Spanish writer and educator (born 1951)

Fina Casalderrey (born 11 August 1951) is a Spanish writer and educator, considered to be one of the most important writers of Galician children's literature.

== Life and career ==
She was born in Xeve in Pontevedra and began a career in teaching. She first began writing for the theatre before turning to children's books and later books on gastronomy.

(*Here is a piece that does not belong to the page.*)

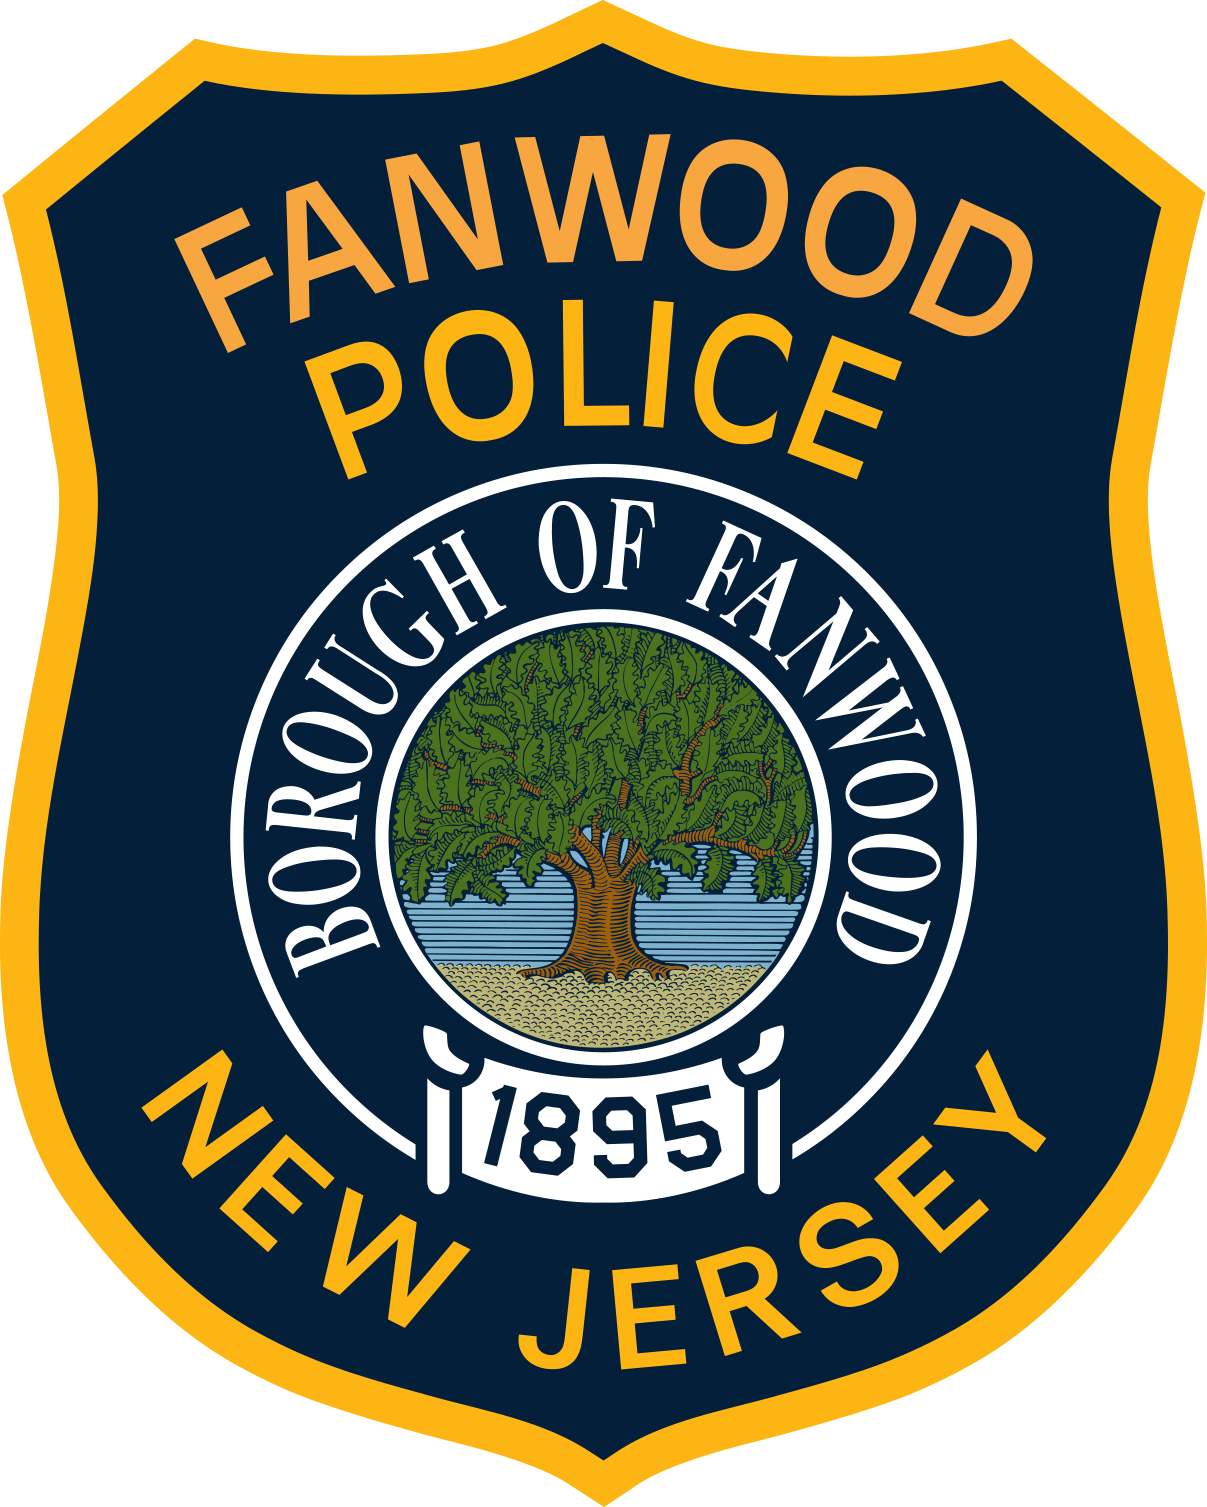 Fanwood Police Department, NJ Police Jobs

She received the Castelao Medal in 2003 and the Premio da Cultura Galega in 2015. Casalderry is a member of the Royal Galician Academy. Her work has been translated into more than a dozen languages. She has also written scripts for a number of short films.

== Selected works ==

Source:

=== Children's literature ===
- Dos lágrimas por máquina (1992) received the Premio Merlín
- El misterio de los hijos de Lúa (1995) received the Premio Nacional de Literatura Infantil y Juvenil and the Premio O Barco de Vapor
- El estanque de los patos pobres (1996) received the Premio Edebé de literatura infantil y juvenil
- El lago de las niñas mudas, children's literature (2007) received the Premio Frei Martín Sarmiento

=== Gastronomy ===
- El libro de la empanada (1993)
- Fiestas gastronómicas de Galicia (1994)

=== Films ===
- Garuda (2010)
- Dos letras (2011)
- Querido Tomás (2013)
- La última moneda (2016)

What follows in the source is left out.